Краснея, бросила лопату у крыльца, и молча потупилась.

Из сеней на крыльцо выбежала Горпина Фёдоровна, без платка,– Ой, лишенько, кажись, Лёня приихав? – только успела выкрикнуть, как вслед за ней вышел отец.

Я сдерживал порыв и не бросился к отцу. Вместо этого спокойно поздоровался с женской половиной и лишь затем подошёл к отцу, опустив повинную голову.

–             Здравствуй, сыночек,– почти шёпотом проговорил он, и крепко обнял. Он долго держал меня в объятиях.

Вошли в хату, стали друг против друга. Он как бы рассматривал меня снизу вверх, видя что-то смутное. Он нашёл то, что долго искал и боялся вновь потерять. Я тоже смотрел на него. Такая же рослая фигура, ширина плеч, большие сильные руки рабочего человека, чистые открытые глаза, без всяких признаков слепоты. Лишь в черноте волос проступали белые прядки.

Сели за стол. Он слушал, не перебивая, склонив голову на руки...

Горпина Фёдоровна хлопотала у плиты над ужином. Оля зажгла керосиновую лампу. Она была бойче своих сестёр. Те умостились в углу под образами и о чём-то шептались. Божьи лики над ними освещены лампадкой и выражали какое-то грозное осуждение.

–             Папа, где бабушка? – спросил я, не увидев своей наставницы.

[187]

Отец молчал. После паузы ответил: «Нет нашей бабушки... Умерла». Теперь я её никогда не увижу, никогда! Все помолчали. Неужели это всё?

При свете лампы я узнал деревянный стол, за которым когда-то громко читал книги, писал. Здесь мы обедали. Стоят на своих местах деревянные лавки – «ослоны», деревянная кровать с горкой подушек, большой фамильный сундук для приданого, сохранивший старинную окраску. На стенках картины отца и семейные фотографии в обрамлении украинских рушников, русская печь с набором рогачей для чугунков и горшков и узкий деревянный шкаф для посуды.

Земляной пол гладко вымазан серо-зелёной глиной, прочный и чистый. Такие полы в хатах бедняков называют доливками. Какое мелкое, будничное и убогое было всё здесь в сравнении с нашим коммунарским дворцом! И в то же время почему-то дорогое, берущее за сердце, как ушедшее навсегда вместе с детством.

После ужина я стал собираться домой, в коммуну.

Из слов отца я понял, что он на меня не в обиде: «Значит там лучше и так всё сложилось». В душе он казнил себя и обвинял только себя, что не смог сам вырастить и воспитать детей.

–             Что ж, Советская власть всё может, а такие отцы... одна помеха...

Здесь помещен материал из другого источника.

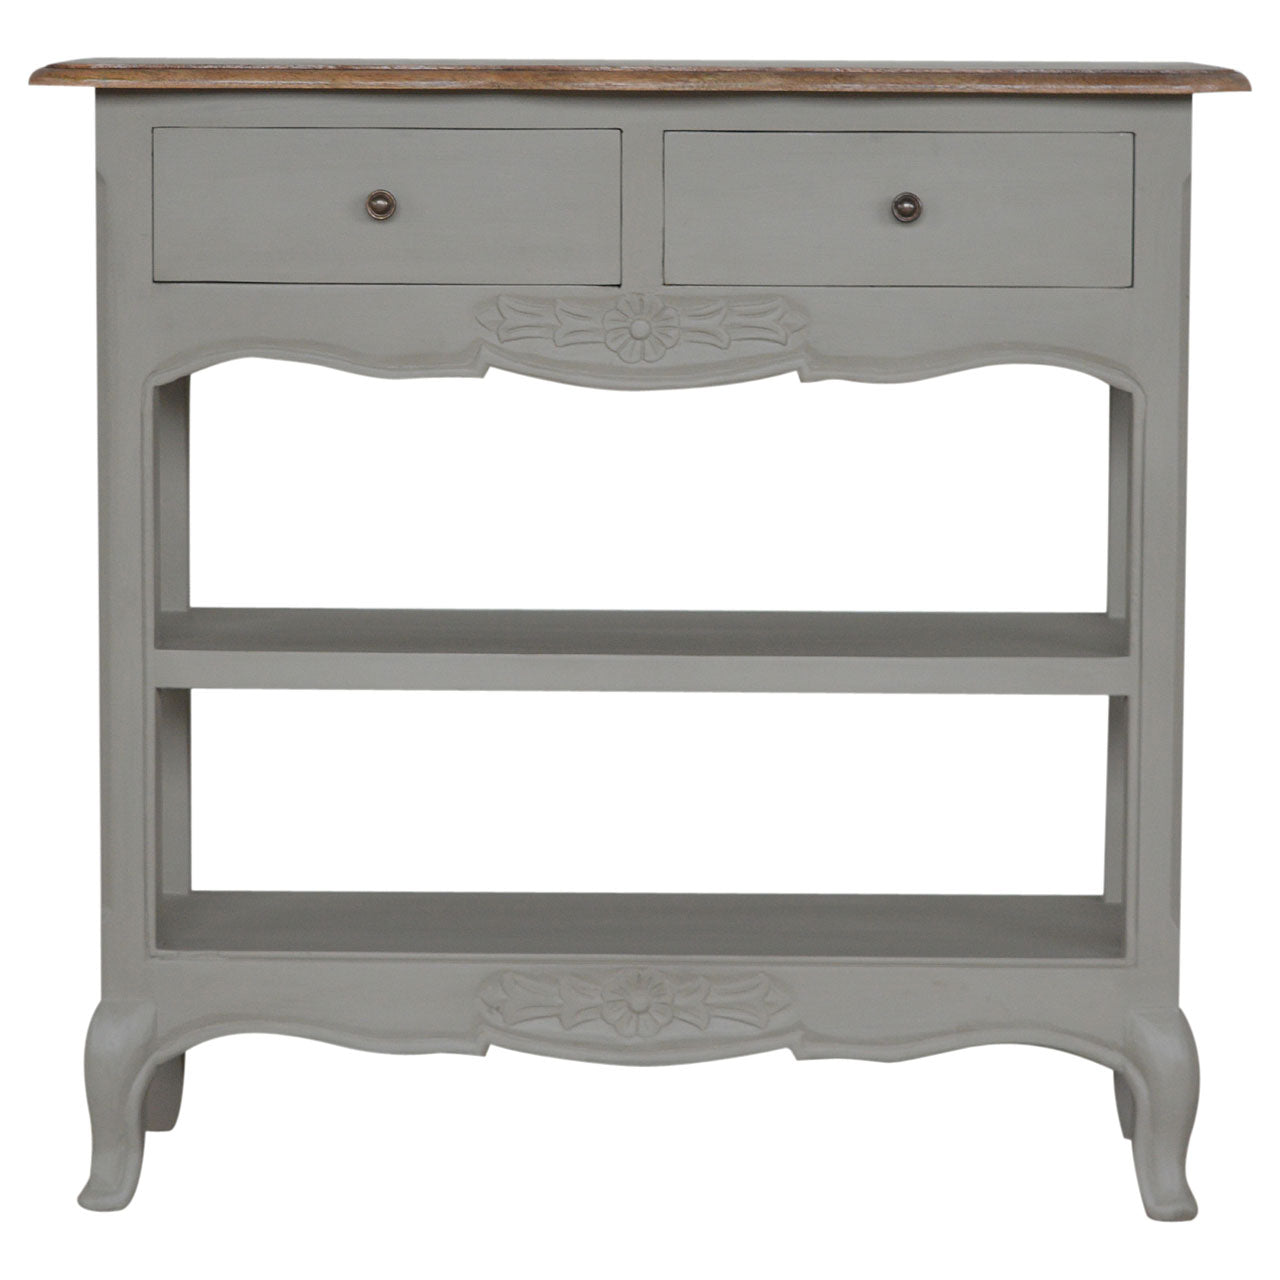 View French Style Console Table information

Он не договорил, видно было, что ему тяжело продолжать разговор на эту тему. Он опасался отпускать меня на ночь глядя. Оставлял ночевать. Но я не мог согласиться. Утром рабочий день, занятия, обязанности, ответственность, да неизвестно ещё как для меня сложится конец сегодняшнего дня.

Я пообещал, что буду приходить часто.

Отец проводил меня за ворота, и мы попрощались. В темноте обнял его вздрагивающие плечи и, как в детстве, коснулся щёки. Она была влажная.

–             Ничего, сынок,– говорил он, успокаивая,– всё будет хорошо. Учись, и дай бог, чтобы мы были вместе, хотя я не верю в нашего жестокого бога. Я потерплю. Не забывай меня и чаще приходи. Ведь мы всегда с тобой были друзьями. Правда?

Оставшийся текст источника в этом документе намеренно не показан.